Amos Jackson III, president of the Howard University Student Association, called these election-related efforts the “top priority” for student leaders. At the university in Northwest D.C., students can sign up to use a service known as TurboVote, an app that sends notifications about upcoming elections. That app was touted on the move-in day handout.

“These are the types of things that our alums, our administrators, our students are dedicated to, and are always going to be dedicated to,” Jackson said.

Tapping technology

This focus on civic duty is not happening just at Howard. College campuses across the country are expected to roll out similar efforts for their students in the coming months.

The Institute for Democracy & Higher Education at Tufts University, which collects and analyzes data on student engagement, reported that 18 percent of undergraduate and graduate students voted in the 2014 elections, a percentage that did not factor out students who are not U.S. citizens. The institute released a report this month that included recommendations on how colleges can boost student voting and political education.

“We view the current political climate as an unusual opening — and mandate — to improve campus conditions for student political learning, discourse, inclusion, agency, and participation,” a letter in the report states.

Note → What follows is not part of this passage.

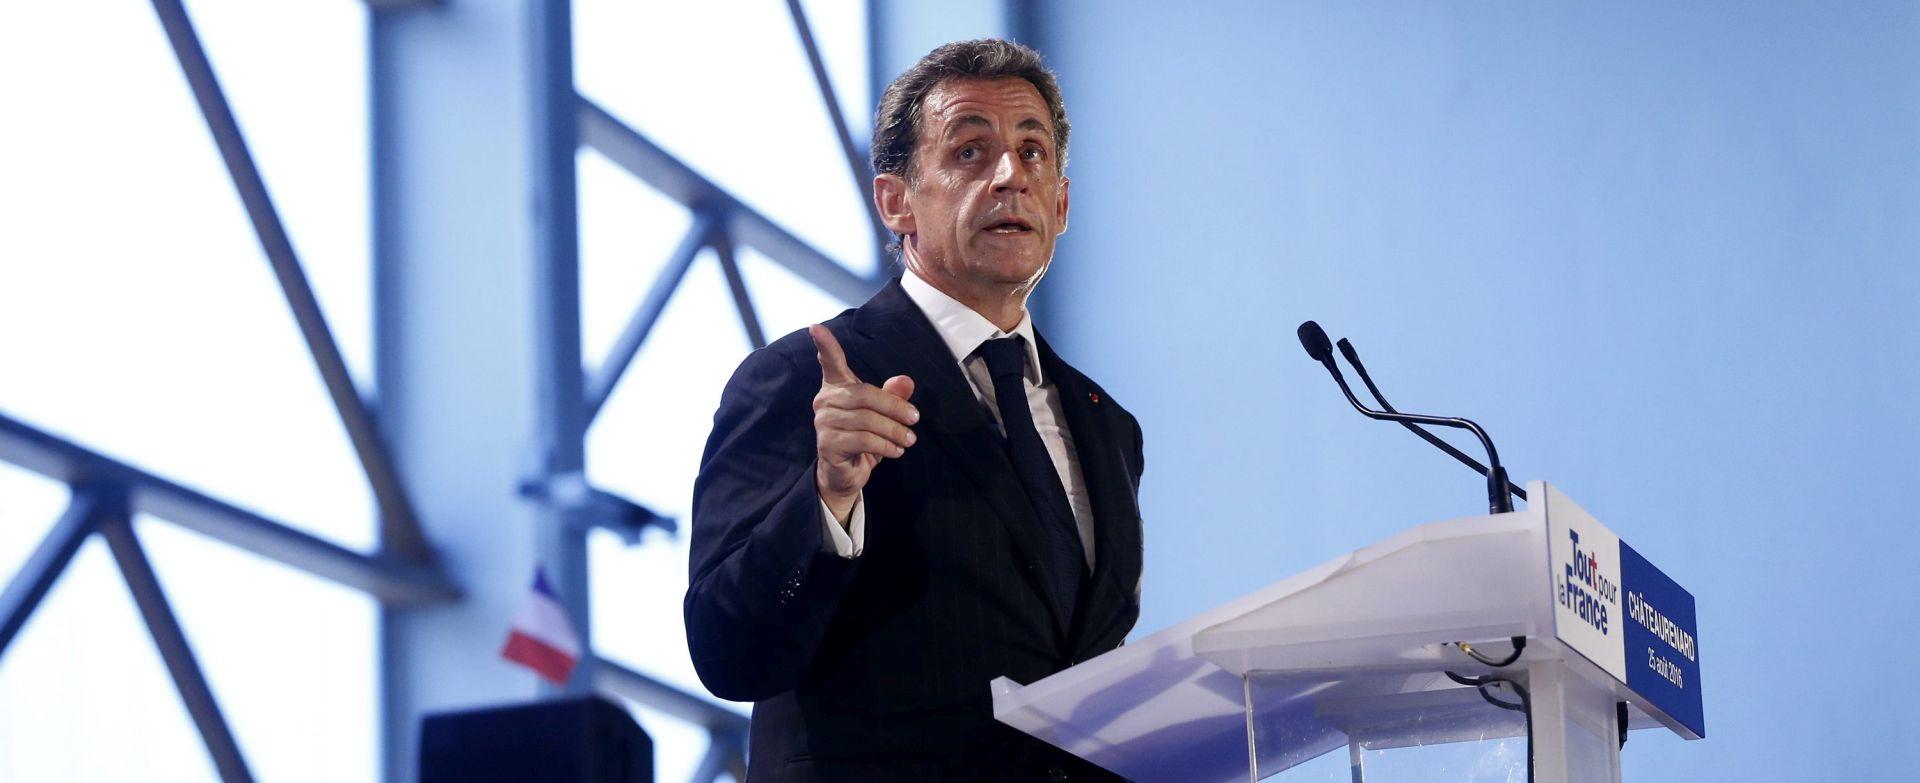 Uhićen bivši francuski predsjednik Nicolas Sarkozy

Students are diverse and enter institutions of higher education with a strong set of ideas, said Nancy Thomas, director of the institute.

“They’re not empty vessels into which we pour knowledge — they have a lot of ideas already,” she said. “They’re excited, they’re charged up, they’re ready to talk about these issues, and they’re ready to turn out the vote. I just can’t predict the volume, I can’t predict the voting rate, at all.”

TurboVote, the system Howard uses, works with companies, nonprofits and colleges, according to a spokesman for Democracy Works, the nonpartisan organization that runs the app. George Washington University also will be working with the app this year, said Amy Cohen, who heads up a task force on voter engagement at that school.

“We’re a national university, and so we draw students from all around the country,” she said. “It makes it a lot easier for us, not only to keep track of how students can manage those individual rules and laws, but also help them actually participate.”